Collective Bargaining


 

Possible Developments 

Employee strikes in Guangdong in recent months have restarted the agenda of the Chinese government to promote the adoption of collective bargaining. These strikes have mainly affected foreign-owned companies.
(By way of definition, we have collective bargaining when the trade union representatives of a company negotiate, with the employer, minimum wages and other employment terms for all the employees of the company in question).

One of the reasons for the government’s promoting a more widespread adoption of collective bargaining is to provide a regulatory framework for conflicts between companies and employees and, as a result, prevent strike actions. 

The adoption of collective bargaining has important consequences for foreign-invested companies in China. Some of these are as follows:

1) The establishment of trade union organizations (associated with the All-China Federation of Trade Unions – ACFTU) at the company level. The current regulatory framework already provides that employees have the right to establish trade union organizations at the company level. However, the implementation of this legislation has not always been very strict.

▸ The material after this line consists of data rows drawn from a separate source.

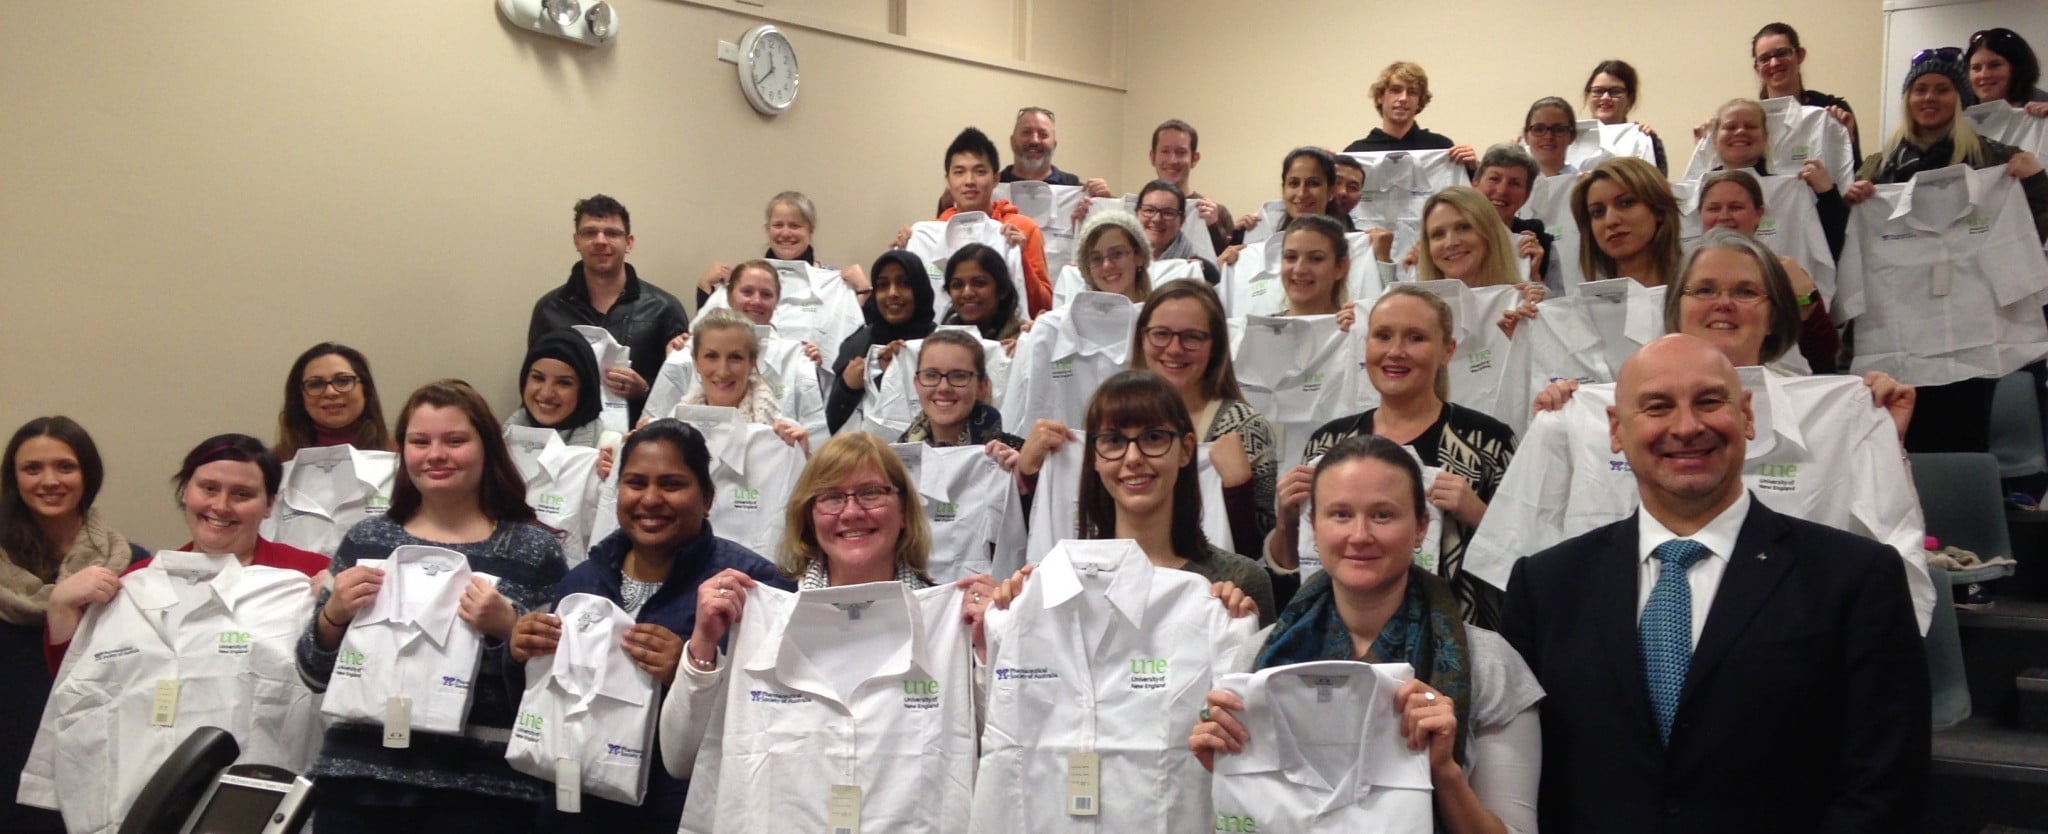 UNE's new pharmacy students show off their white shirts
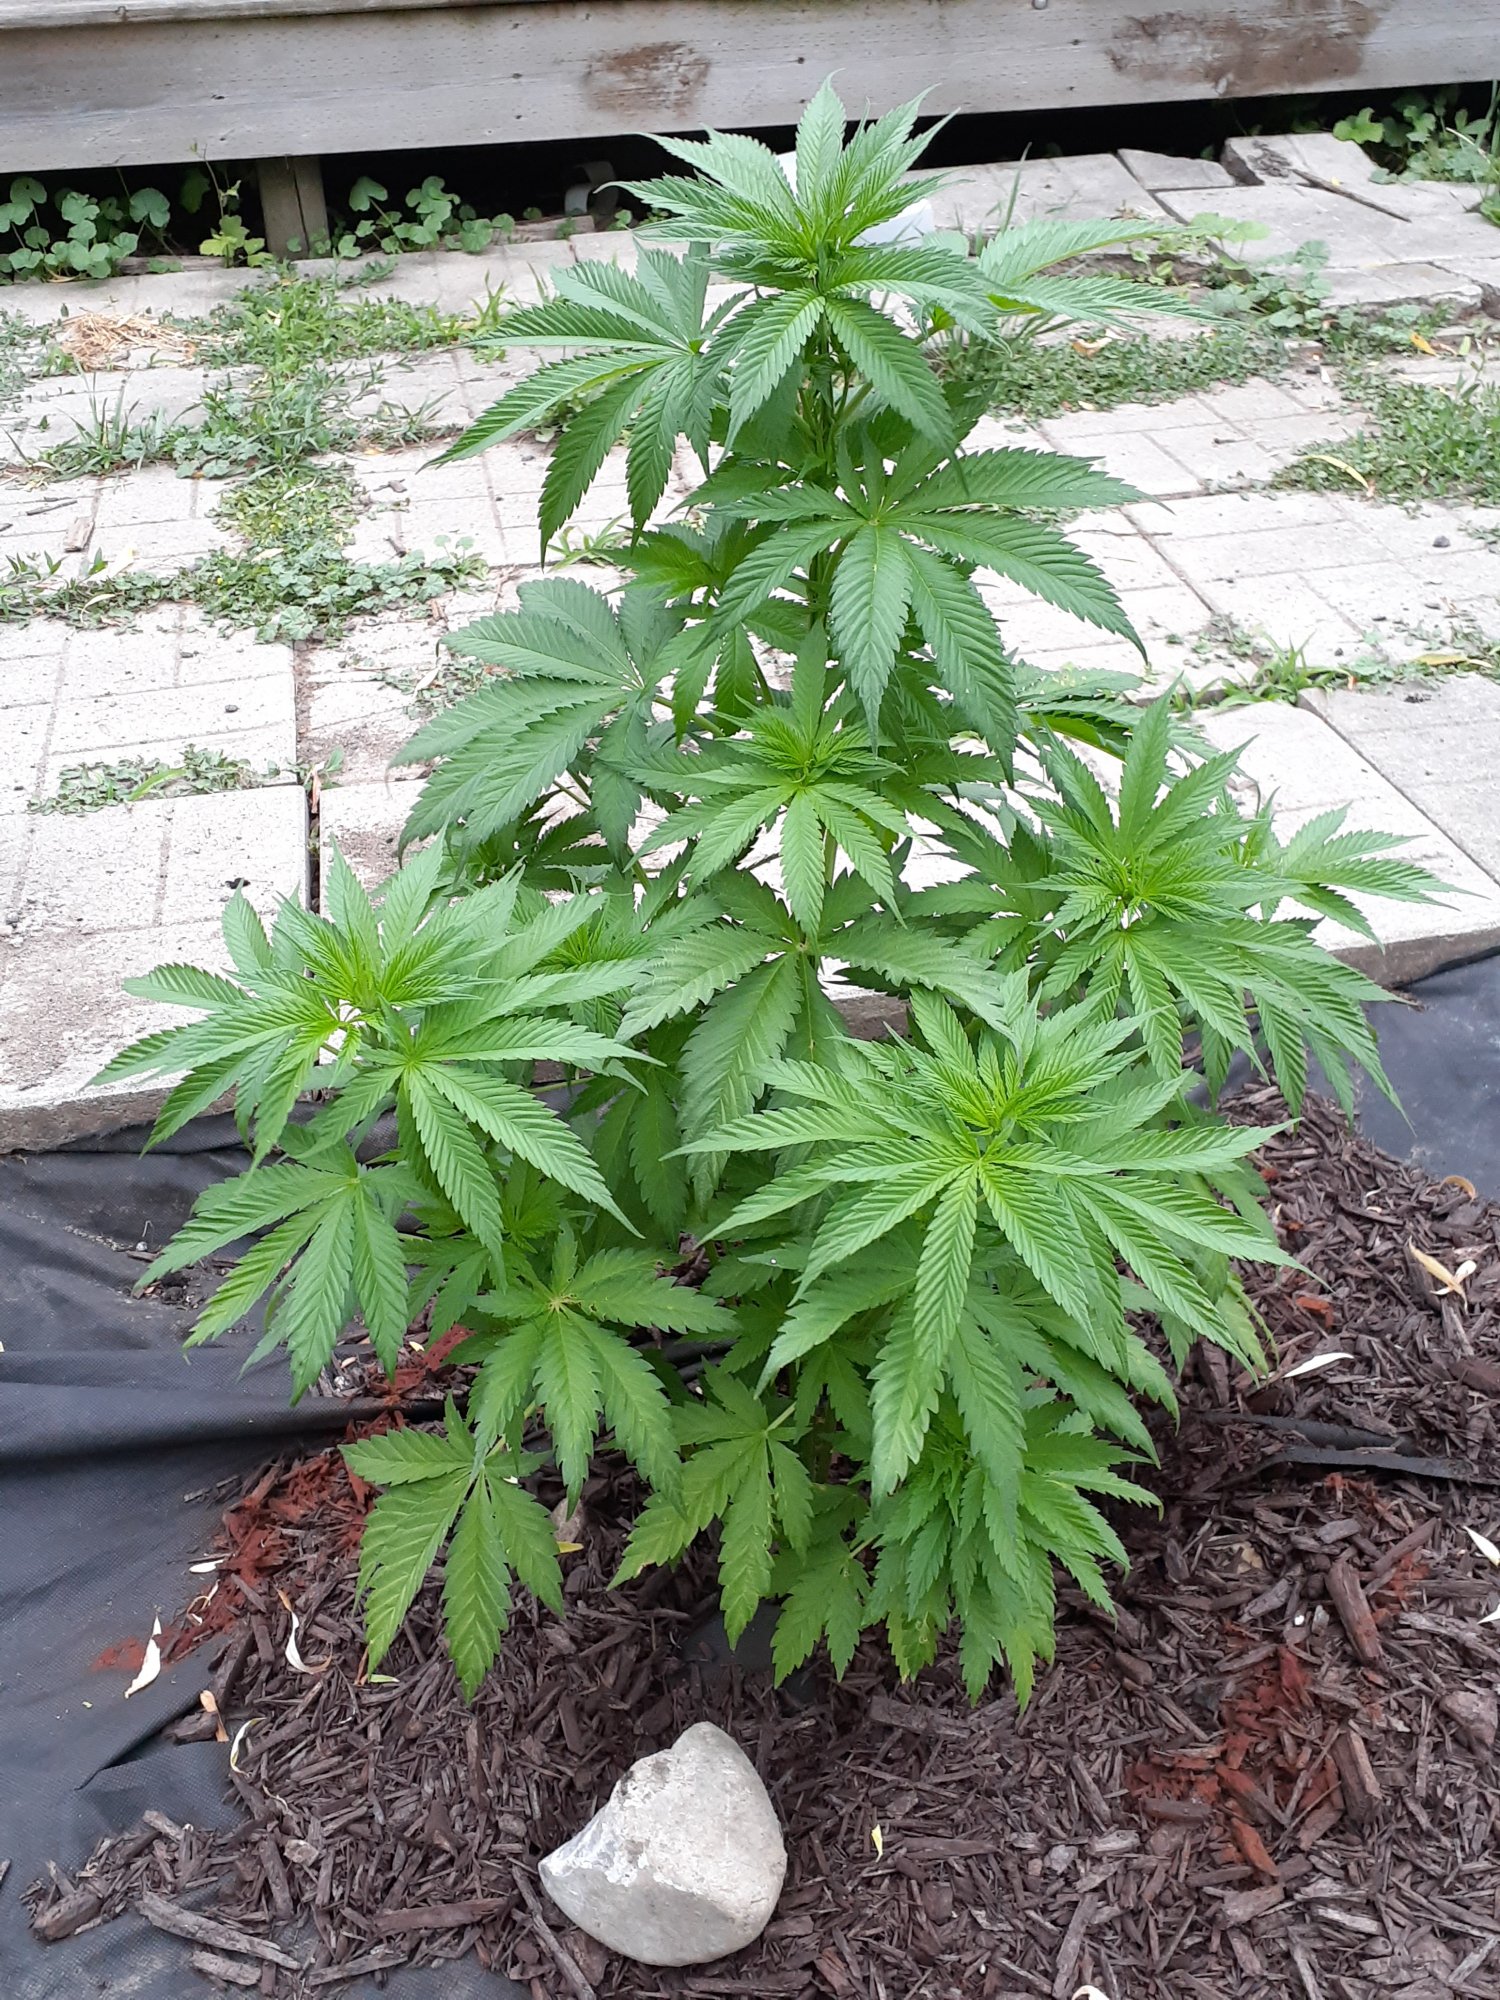 Hungry ph issues or heatpest stress outdoor 4
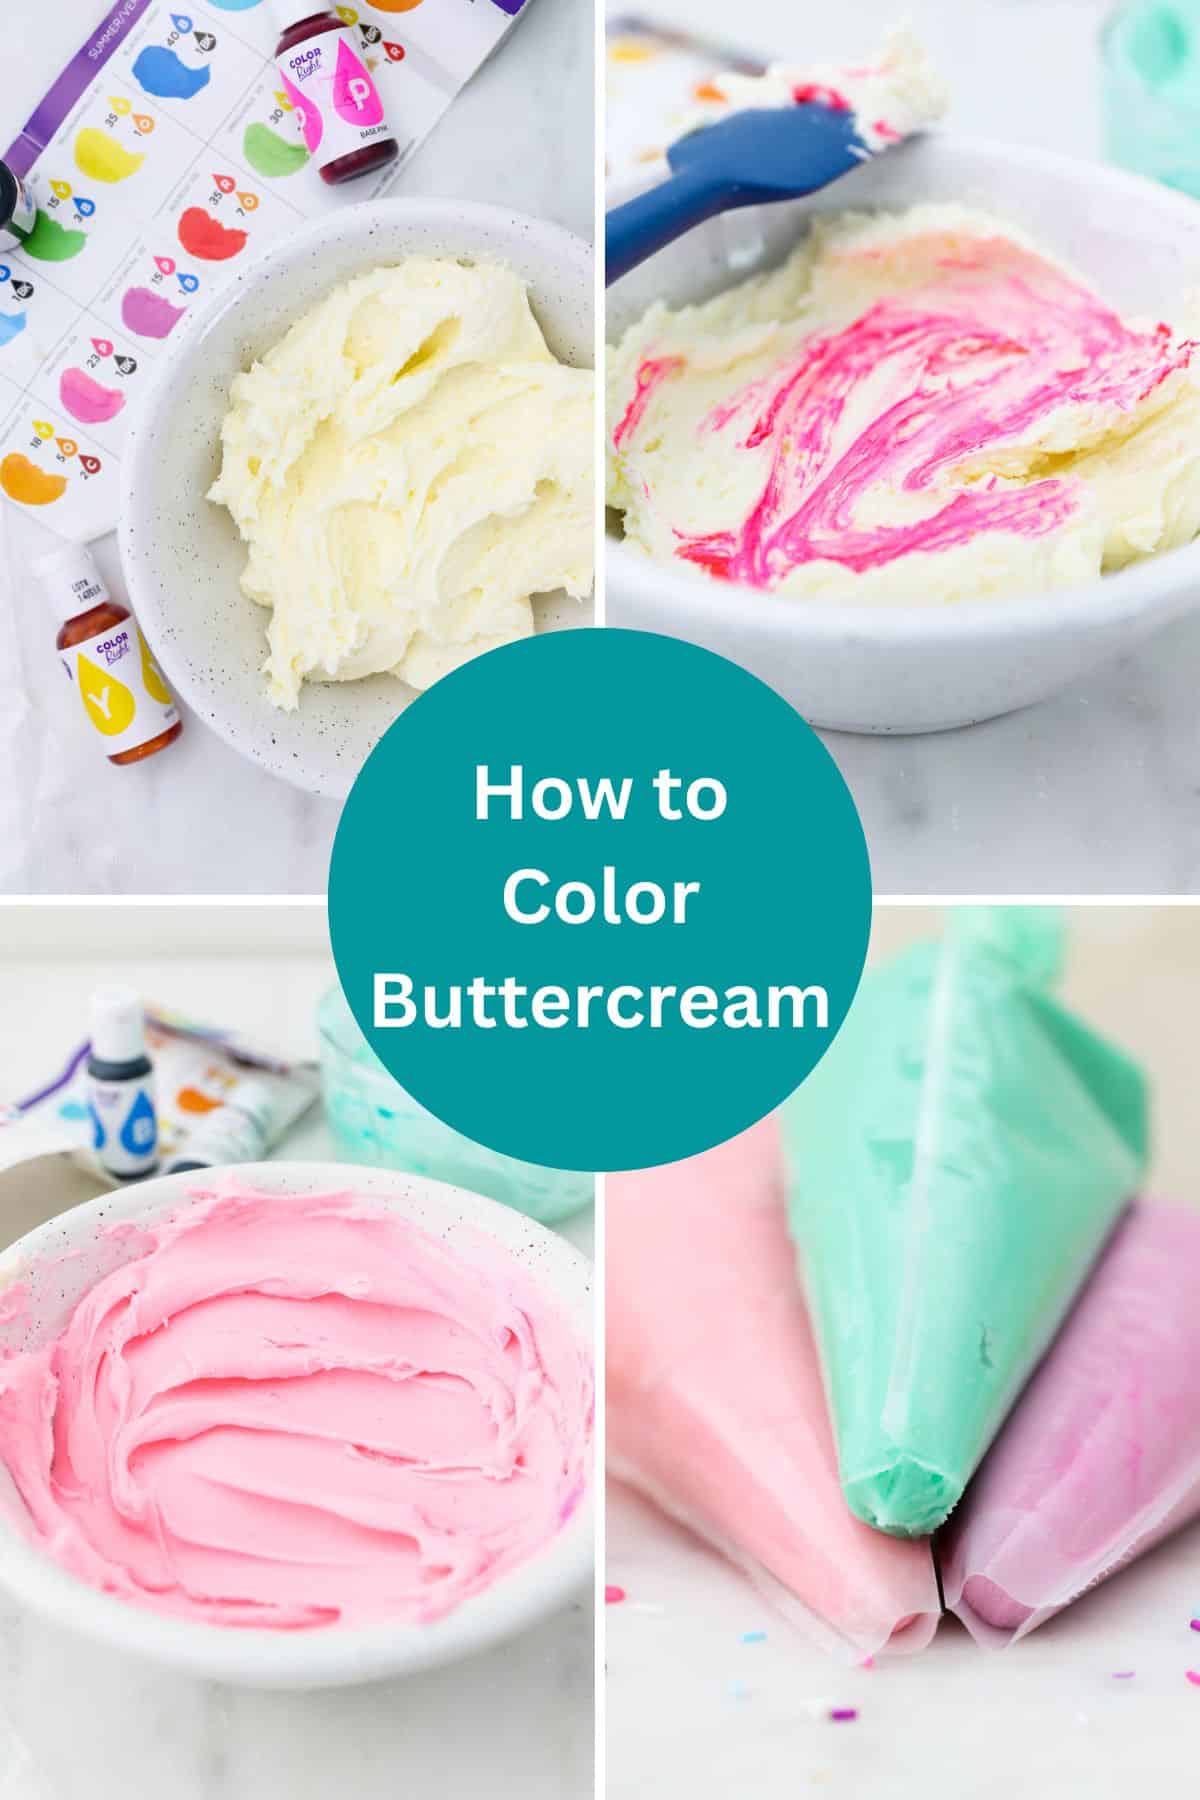 Pinterest collage image showing the step to coloring buttercream with text overlay "How to Color Buttercream"
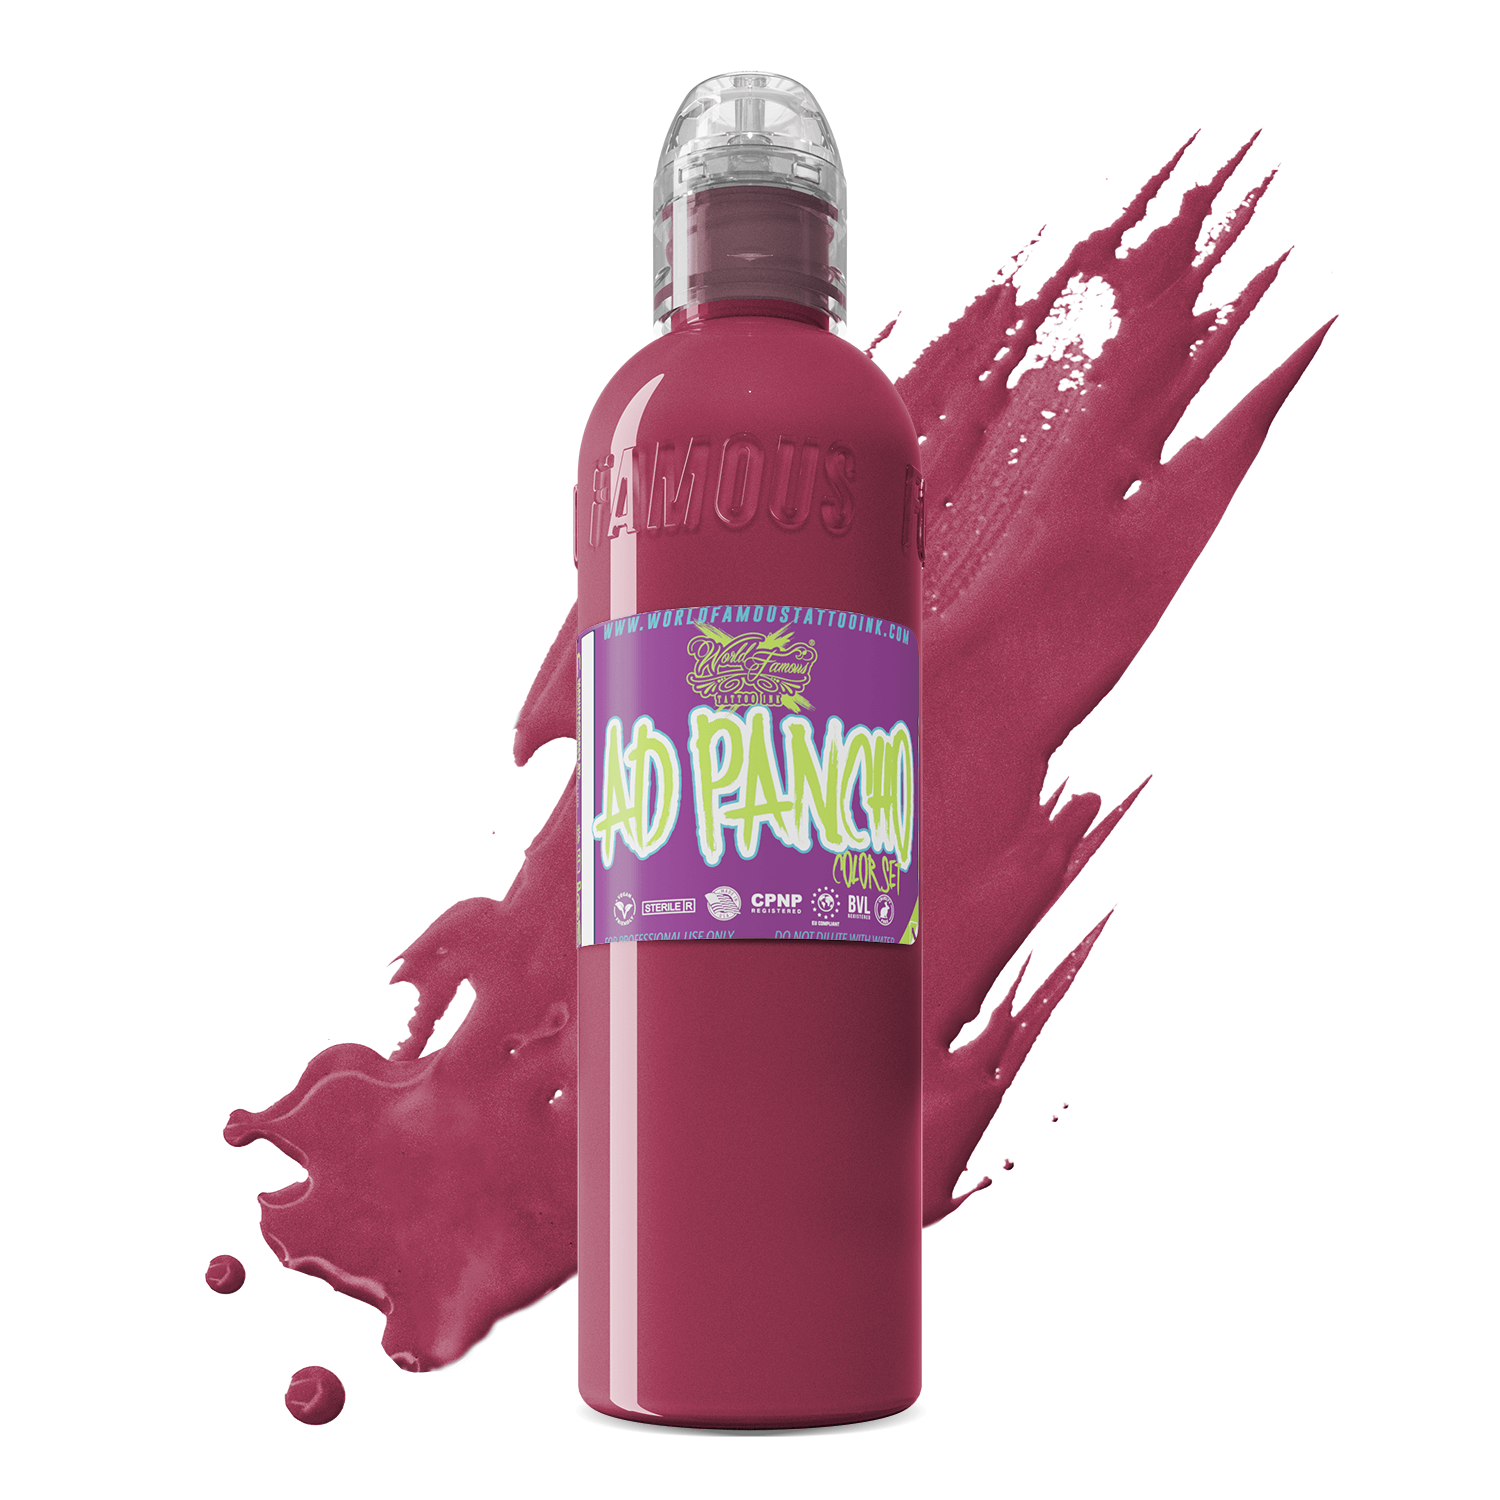 A.D. Pancho Proteam Color - Pink | World Famous Tattoo Ink

2) The adoption of collective bargaining will (paradoxically) acknowledge the role of the employee strike. In fact, in western countries, strike action is fairly often threatened – and sometimes carried out – during the negotiation of collective agreements.

3) The increased importance of trade unions within a company. It should be noted, however, that workers do not always agree to be represented by trade union officials associated with the ACFTU. They often elect new representatives to negotiate collective agreements with the company.

4) Increased costs. It is very likely that there will be more pressure on companies to increase minimum wages. In addition, as soon as trade union organizations at the company level are established, the company must make a monthly contribution to the trade union. This will be an amount equal to 2% of the total (gross) monthly wages of its employees.

What to do during this transition period

1) Stay up-to-date with the new regulations, at the national and local levels, on collective bargaining. The new legislation will likely introduce new obligations and burdens for businesses.

2) Get to know how the employees are organized. The recent strikes in Guangdong suggest that employees are rather distrustful of the official trade unions (which, at times, are regarded as closer to the employers’ than to the workers’ interests). The workers may prefer to directly elect their own representatives for contract negotiations with the company. Therefore, it may be helpful to know the structure of the labor force (places of origin, groups, or leaders – also known as “gongtou” (工头) or “laoda” (老大) to identify early on potential counterparts for negotiations.

3) Get to know the competent officers at the relevant local authorities because they will certainly be involved in cases of negotiations of collective agreements.

4) Do not think of collective bargaining as a mere formality aimed at implementing the minimum wages setout by the local government. The workers’ request for collective bargaining usually indicates their intention to obtain minimum wages higher than those indicated by the local government.

5) Adopt an internal code of conduct, a corporate best practice, on how to handle the negotiation of collective agreements and, if necessary, strike actions within the company.